Since both of the math curriculums are vastly different in the material they cover in a year, I'm not sure how you'd combine them. I'd use Khan to visually explain things, since you can look up specific trouble spots. Math U See you'd have to have multiple years to mix and match the areas. I've not used the lower levels of Saxon though so I'm not positive.

Of course. For math we're using Life of Fred, Teaching Textbooks, a Spectrum 7th grade test prep book (plus other various books for different ways of explaining a concept he has trouble with). For English, we're using Daily Sparks, Painless Grammar, Simple Grammar, Wordsmith Apprentice (I can go on and on). He has 2 Spanish programs and he does an online Spanish game site.

**In my case I have a lot of different programs because ds is my 3rd homeschooler and well, can't let anything go to waste, right? Different programs, to me, can only reinforce the information. And my ds enjoys academics more when we switch things up every few weeks. You can use curricula any way you like. It's all fine. **

We combine as needed. Our core curriculum is Time4Learning and my daughter loves it, but there are times when there is a topic that she wants to know more about, or she needs to be taught with a different approach. We have combined Time4Learning and Life of Fred to give my daughter two different perspectives in pre-algebra. Because she has ADHD some days go better with one curriculum, and other days she prefers a different one.

We also use Vocabulary and Spelling City to supplement the LA course in her core curriculum. Sometimes changing the way something is done, like playing an education game, instead of approaching from a strictly "lesson" approach just makes the learning easier and fun.

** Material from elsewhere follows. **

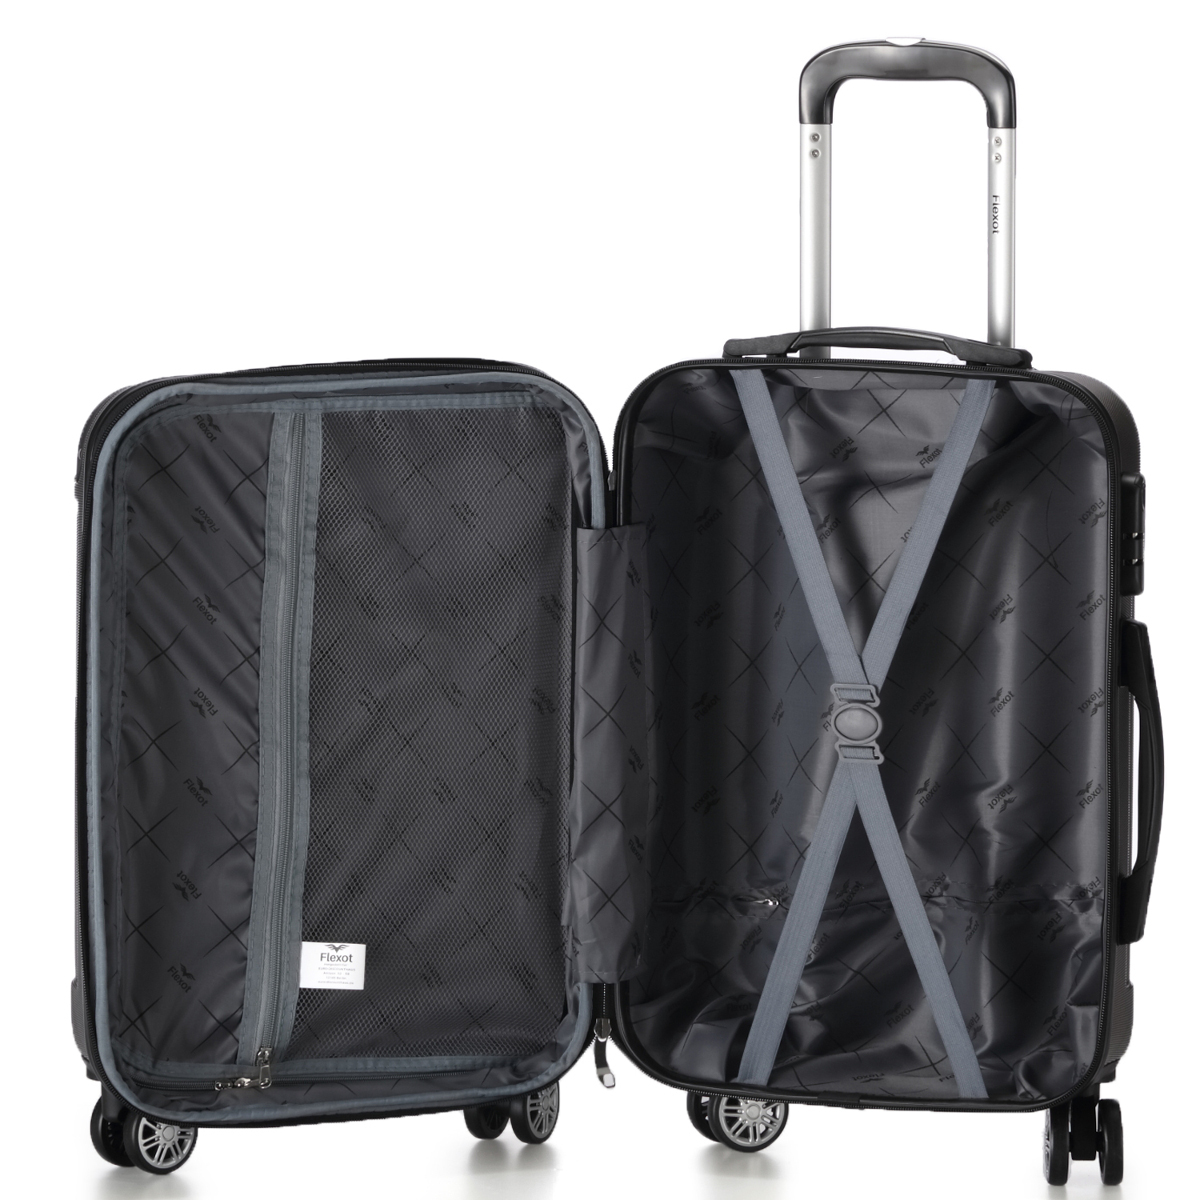 Koffer-Flexot-2045-Hartschalenkoffer-Trolley-Kofferset-Reisekoffer-M-L-XL-Set Indexbild 68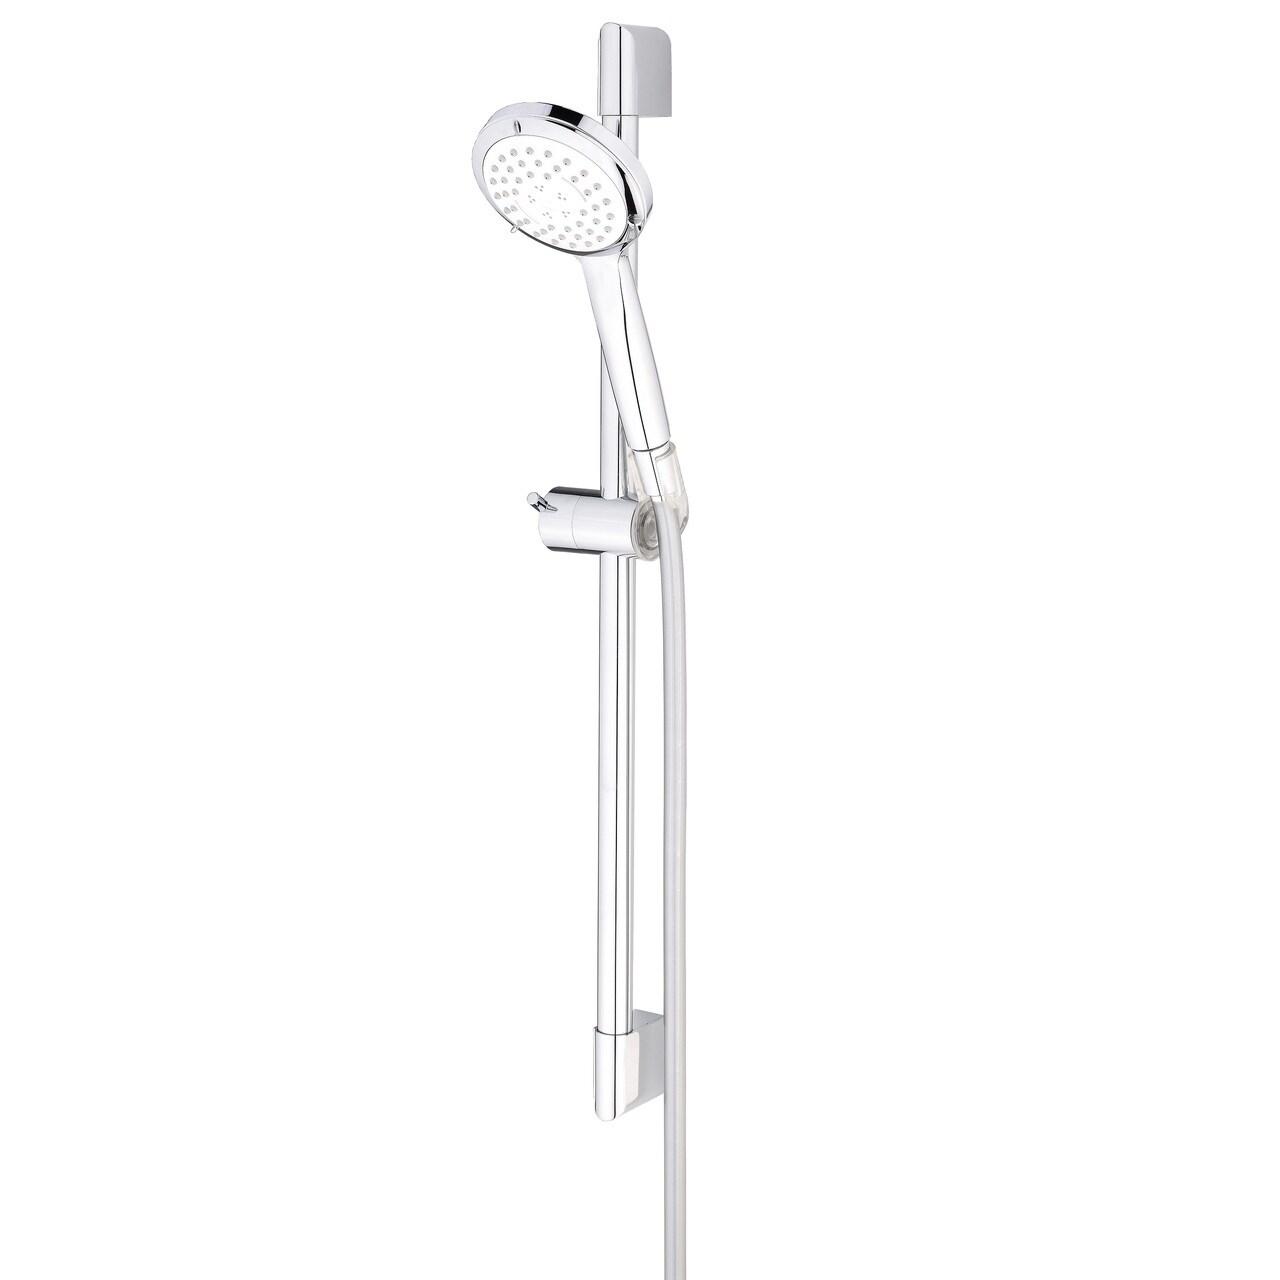 Delvac Massage Shower Head Kit 3 Spray Orta No 6 With Slide Bar

I would say don't be afraid to mix and match as needed, being able to customize is one of the great benefits of homeschooling!

We actually haven't started yet :) We are brand new homeschoolers.

They are both entering first grade and are on (mostly) the same level so I'm trying to find a way to use Saxon and Math U See together so that we can have math as a group instead of each of them having separate math lessons from me.

Quoting Bluerose1482:What are you trying to achieve by combining them?

If each child is doing well with his own program, I wouldn't change anything.

I haven't actually used either Saxon or Math U See yet. I've just done a ton of research relating to them and from what I can tell the Math U See lessons would really help one child understand concepts that are currently just not clicking with her yet and Saxon I think would help the other child and interest her more.

What I think I might do is compare all the lesson topics, use Saxon as a spine and then plug in the Math U See lessons as the topics appear in Saxon...

It would be easier to figure this out if I had both programs but I'm not able to purchase anything for another month or so. lol =)

Quoting jen2150: I have but only specific ones. I will just pick what I like from each one. Some curriculum is easier than others to do that. Are there parts to like better from each one?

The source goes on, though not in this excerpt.